12.22.2010

A Lot Has Changed Since Jerry Brown Was Last in Sacramento

A phrase commonly used by Governor-Elect Jerry Brown during his election campaign was that he hasn’t been in Sacramento for 28 years and the state’s current problems are not of his creation.

GOP Gov. George Deukmejian succeeded Brown in January 1983.

The 72-year-old governor-elect has said he may not name a cabinet secretary for education – he didn’t have one before, he notes – and has indicated he intends to shrink the press office and legislative unit in the governor’s office closer to their size 30-some years ago.

Not to belabor the obvious but things have changed significantly in Sacramento since Brown’s departure.
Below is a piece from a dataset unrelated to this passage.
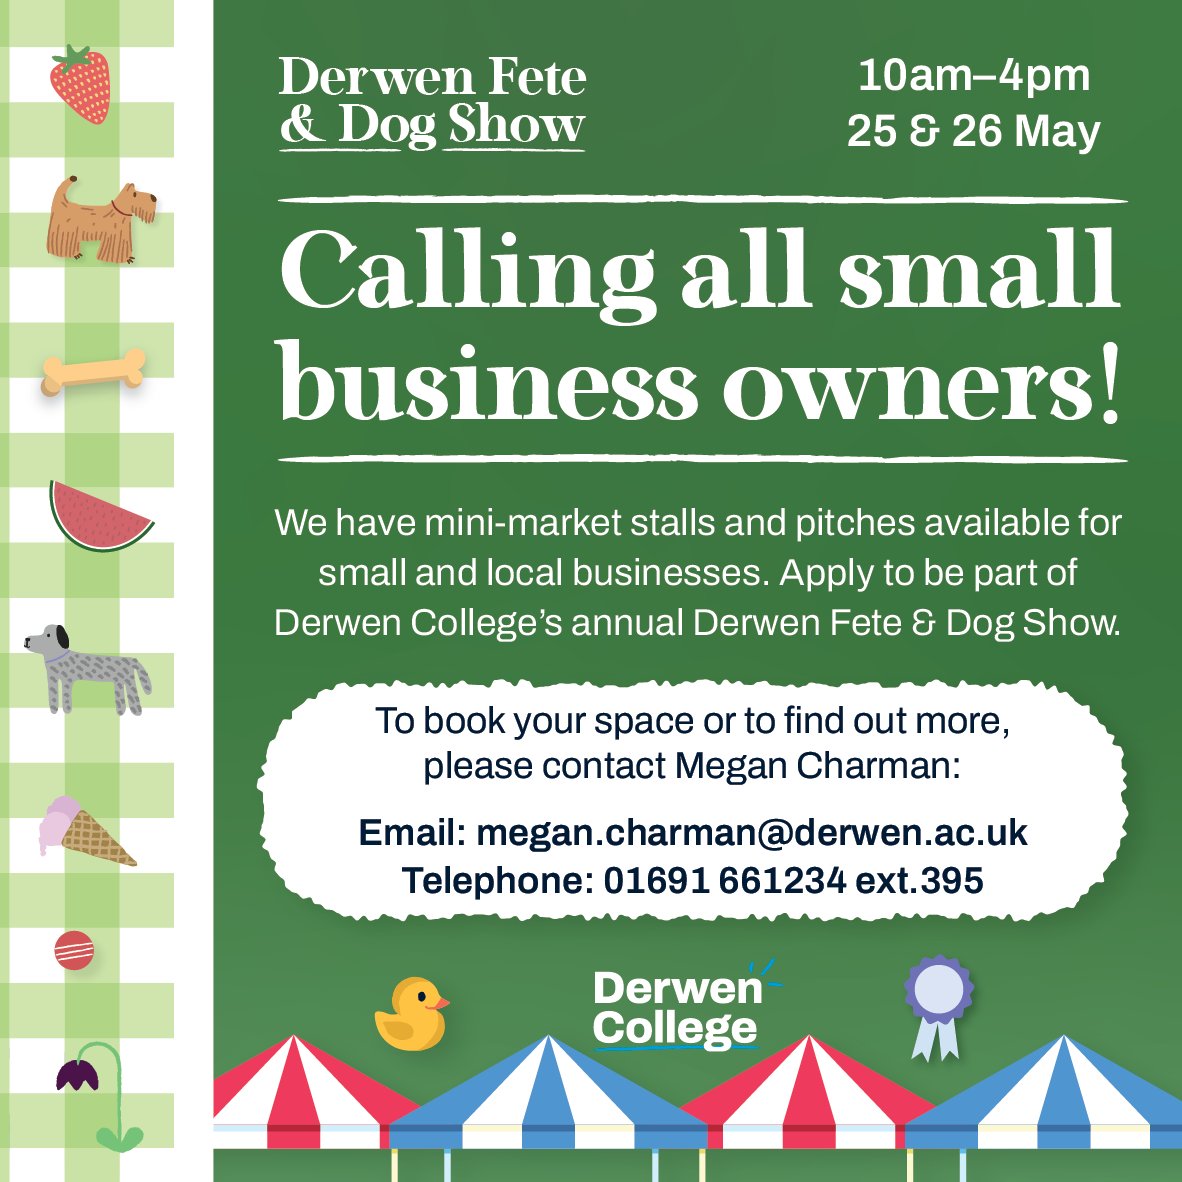 Looking to showcase your small business? Don't miss out on our annual Derwen Fete & Dog Show on the 25 and 26 of May! To book your space, please contact our Events Organiser, Megan Charman. #DerwenCollege #SEND #Derwen #SummerFete #Oswestry #Shropshire #smallbusiness

Brown alluded to one major change during the campaign; The constraints placed on lawmakers and the state’s chief executive from 28 years of ballot measures. Among them 1988’s Proposition 98, which requires, under most circumstances, schools receive 40 cents of every $1 the state takes in. More recently, the League of Cities sponsored Proposition 22 on the November ballot that forbids the state from borrowing funds from local transportation and redevelopment agencies.

To say Republicans and Democrats have become more polarized and intransigent, gilds the lily.

But actually scads of changes have occurred since 1982, not just in Sacramento.

In 1983, the first year Brown left office, the first Cabbage Patch Kids were sold. The term “virtual reality” was coined and soft bifocal contact lenses were invented.

Apple’s Macintosh and the CD-ROM followed in 1984.

In 1985, it was Microsoft’s turn with Windows. There was also the advent of DNA fingerprinting.

During the rest of the decade came the invention of digital cell phones, disposable cameras, Doppler radar, high definition television and Prozac.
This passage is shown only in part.